The Brazilian participants were from seven different sectors: academic, business, favelas (slums), judicial, legal, non-profit organizations and students. With a wide array of citizens deliberating about how to best implement alternative dispute resolutions in their country, the outcome of the country’s consensus building is more likely to be a solution that is realistic for the country and its citizens.
The 16-week Brazil program started with four weeks of training in consensus-building methods. The training took place through online videos and real-time seminars. The following 12 weeks were the heart of the project when participants built consensus about the state of their country’s current conflict resolution system. Next, they explored the potential of the multi-door courthouse in the Brazilian context.

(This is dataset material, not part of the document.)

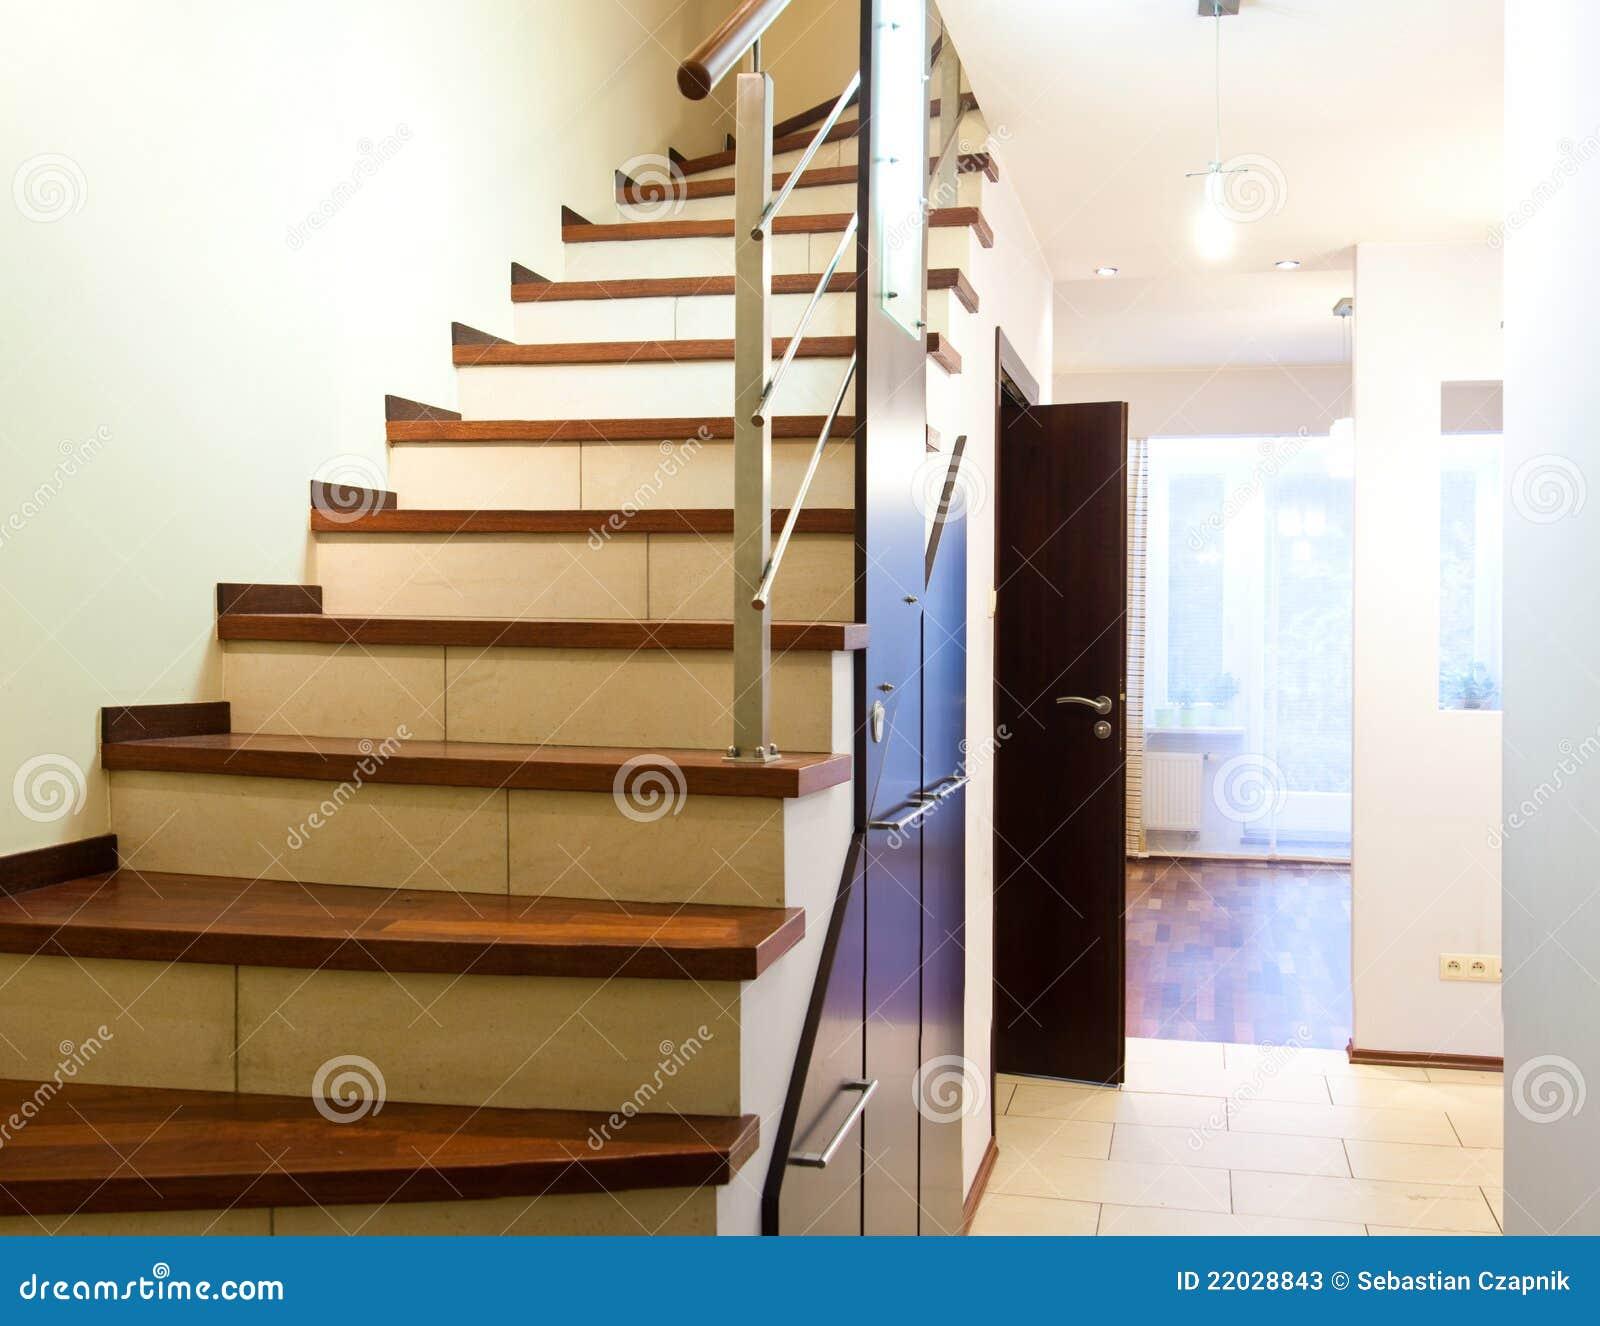 Escaleras en hogar moderno imagen de archivo imagen de for Escaleras interiores precios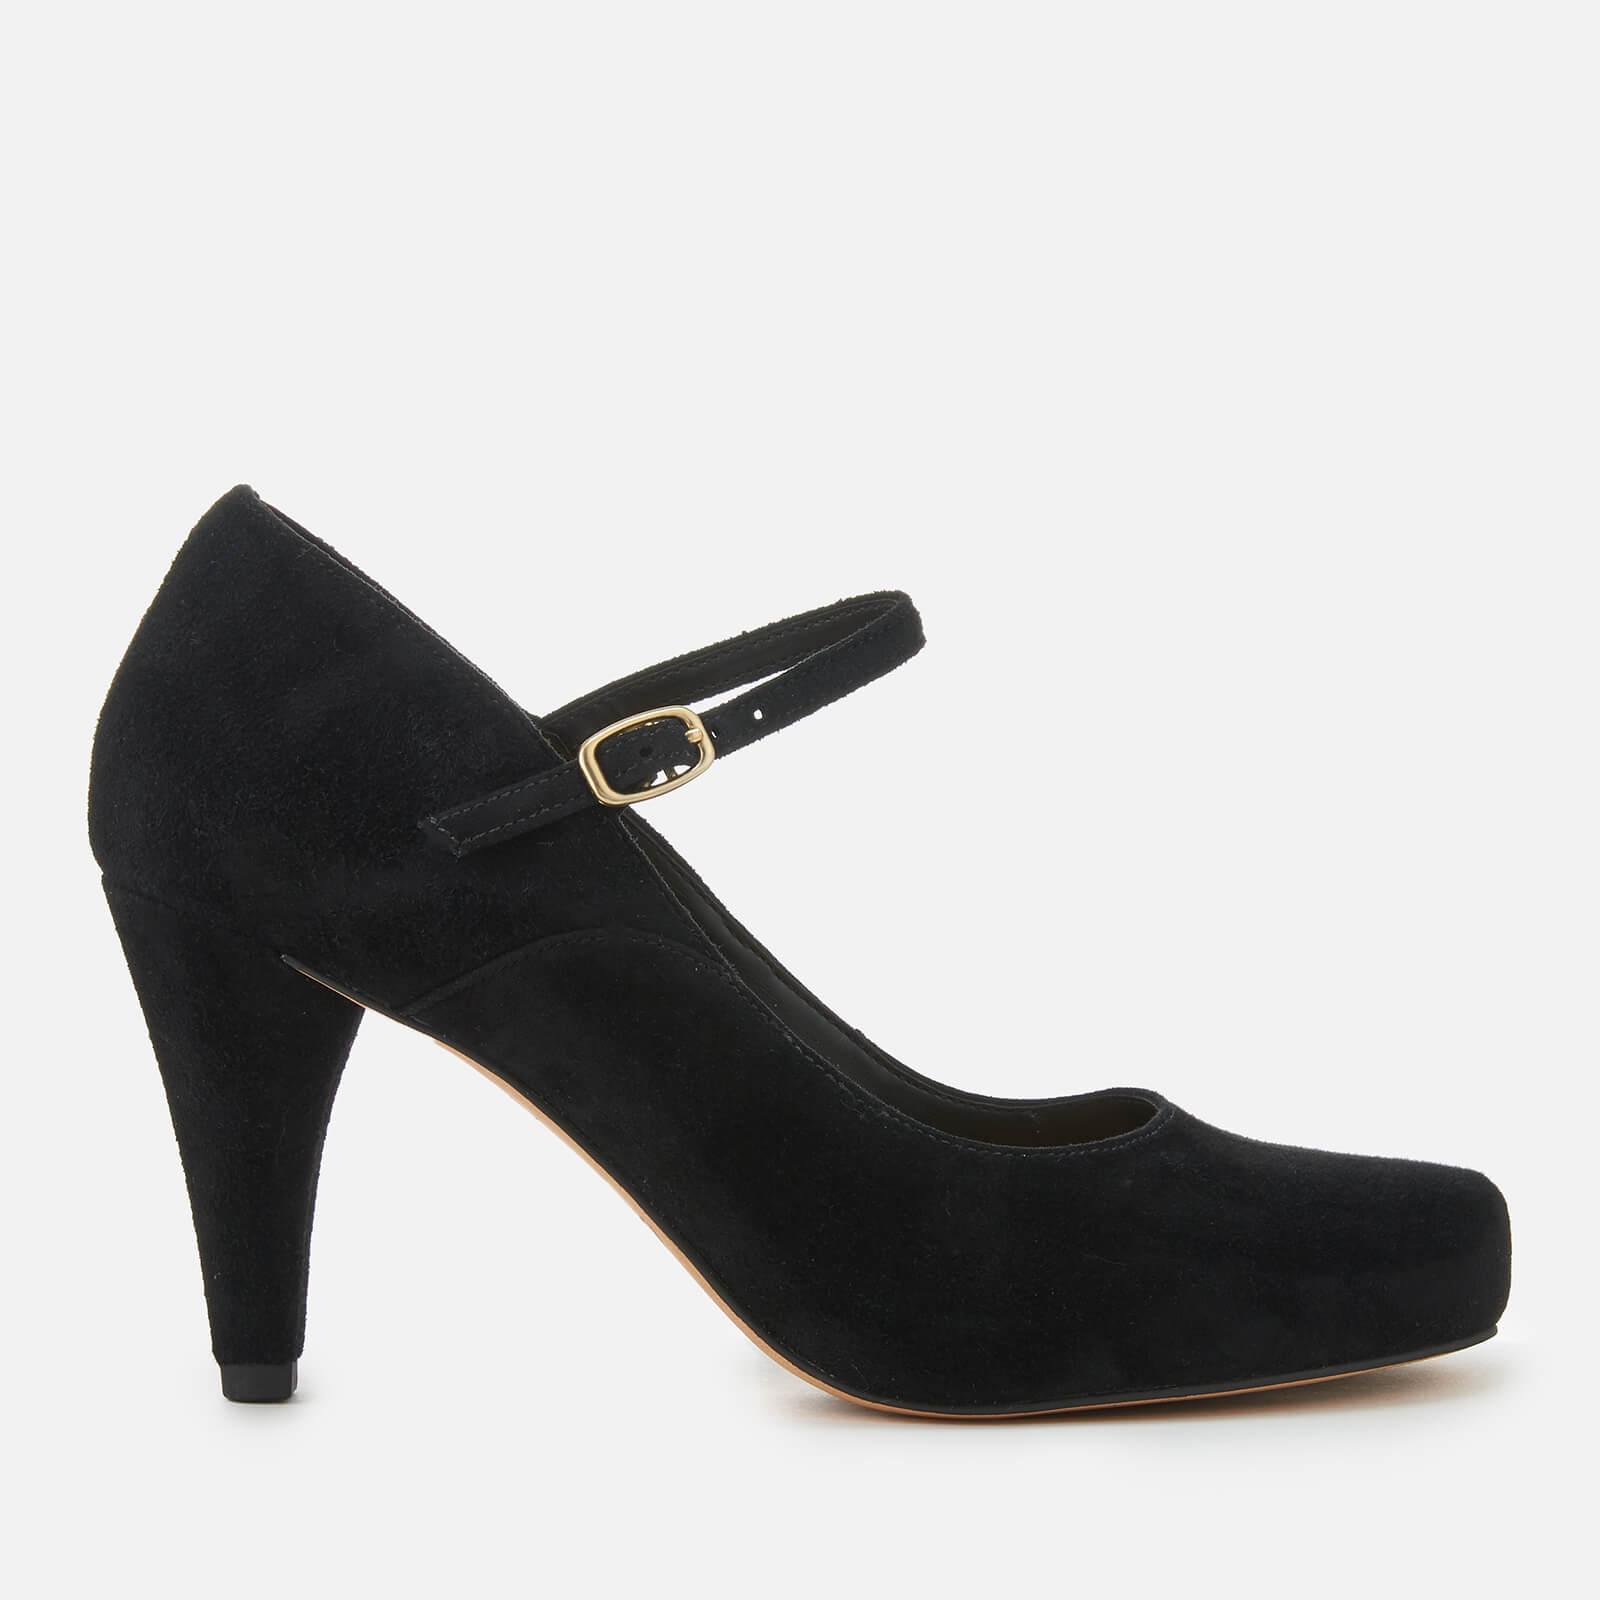 Clarks Women's Dalia Lily Suede Mary Jane Heels Black

Finally, the participants built consensus about the systemic approach necessary for the implementation phase to maximize their dispute resolution system.
Brazilian participants agreed that they would like to implement the multi-door courthouse in their country. They also documented their different perspectives, interests and values in the project, which will be used in the ongoing consensus-building process.
After the project was completed, experts, collaborators and participants convened at the St. Thomas School of Law in Minneapolis to compile and discuss the project’s outcome. The project’s consensus was published in the Cardozo Journal of Conflict Resolution. Now it is up to the Brazilians to move toward the collective vision they expressed. “There has not been one person who has implemented and developed a project the way Mariana has been able to in Brazil,” Sander said. “Other students have applied some of what they learned [at Harvard], but the scope of what she’s doing is larger than anything I know of.”
Other ADR Projects
Since the completion of the Brazil consensus-building project, the UST International ADR Research Network has taken on other projects, such as collaborating in the drafting of role simulations for the American Bar Association Representation in Mediation National Competition. Participants from various countries continue to work together to create simulations that reflect some of the real-world issues that lawyers and parties face in mediation every day.
Author: Joanna Salmen, 3L, is the editor of the School of Law’s newspaper, Tommie Law News, and she works in the Communication Department.
ADR Expert Fits with School of Law Mission
When Mariana Hernandez-Crespo was looking for faculty positions, many law schools wanted to hire her. Her credentials were strong – she earned a law degree at the Universidad Catolica Andres Bello in Caracas, Venezuela, and holds J.D. and LL.M. degrees from Harvard Law School.
In 2006 she joined the University of St. Thomas School of Law faculty. Dean Thomas Mengler attributed the successful recruitment of Hernandez-Crespo to her connection to the law school’s mission.
When visiting campus, Hernandez-Crespo said she found St. Thomas to be a warm community in which the faculty and students interacted closely. She noticed a faculty member engaged in friendly conversation in the hallway with the cleaning staff, calling them by their first names. For Hernandez-Crespo, such details were living examples of the university’s commitment to firm principles of social justice. She thought it was important to be a part of a community in which people are not seen as fungible but as unique individuals.“She is effective at bringing the right people together to share ideas,” Mengler said. “The UST International ADR Research Network helps to educate a lot of lawyers, judges, academics and others to better understand how they could establish and implement ADR processes in their country.”